Scenic mountain road loop in Montenegro

The Durmitor Ring (Serbo-Croatian: Durmitorski Prsten) is a scenic mountain road loop in northern Montenegro, encircling parts of the Durmitor massif. It is designated as one of Montenegro's official "Panoramic Roads".

== Route description ==
The 76-kilometer (47-mile) loop begins and ends in the town of Žabljak, the highest town in the Balkans and the main gateway to Durmitor National Park.mThe road is fully paved but narrow, winding, and features steep inclines and descents, reaching a maximum elevation of approximately 1,950 meters (6,400 feet) at the Štuoc mountain pass.

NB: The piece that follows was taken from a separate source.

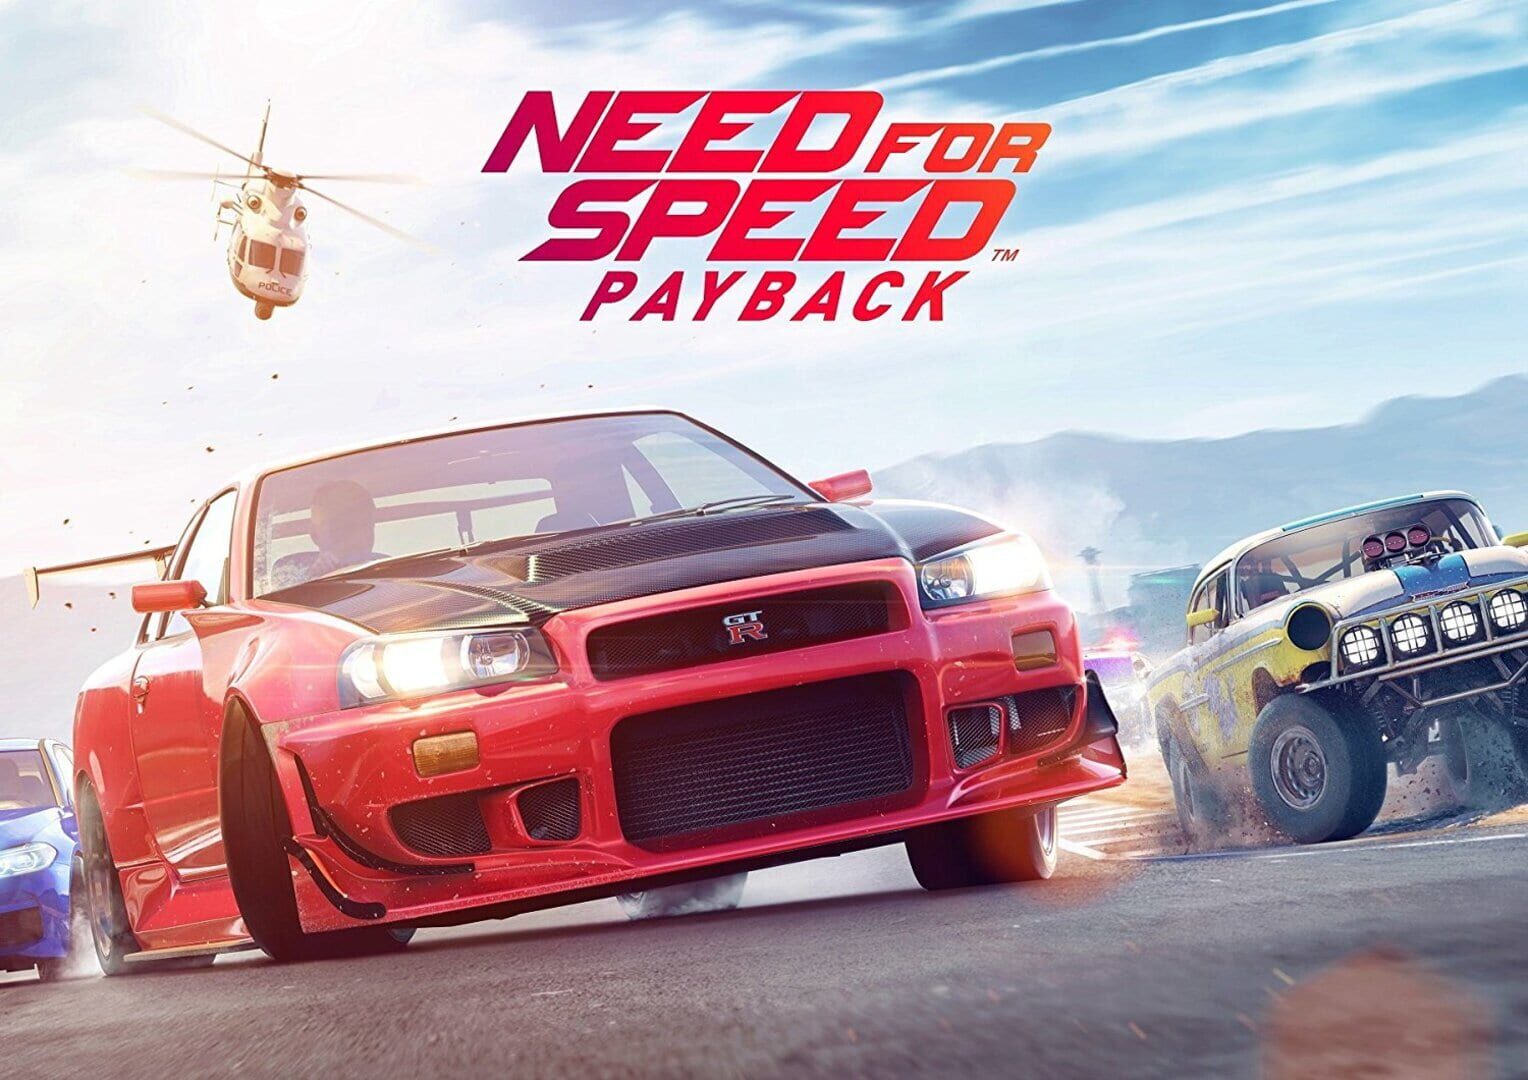 Artwork for Need for Speed: Payback

Key viewpoints and landmarks along the route include: the villages of Mala Crna Gora, Trsa, and Pišče; peaks like Ćurevac, Prutaš and Savin Kuk; mountains including Crvena Greda and Sedlena Greda; valleys like Tara River Canyon, Sušica Canyon and Pošćenska Valley, and crosses Sedlo Pass, the highest road pass in Montenegro at 1,907 meters.

== Tourism and access ==
The road is primarily used for sightseeing and provides access to trailheads for hikes to peaks such as Bobotov Kuk, Prutaš, and Sedlena Greda. It is considered a difficult route for mountain biking, with 76 km of distance and significant elevation gain.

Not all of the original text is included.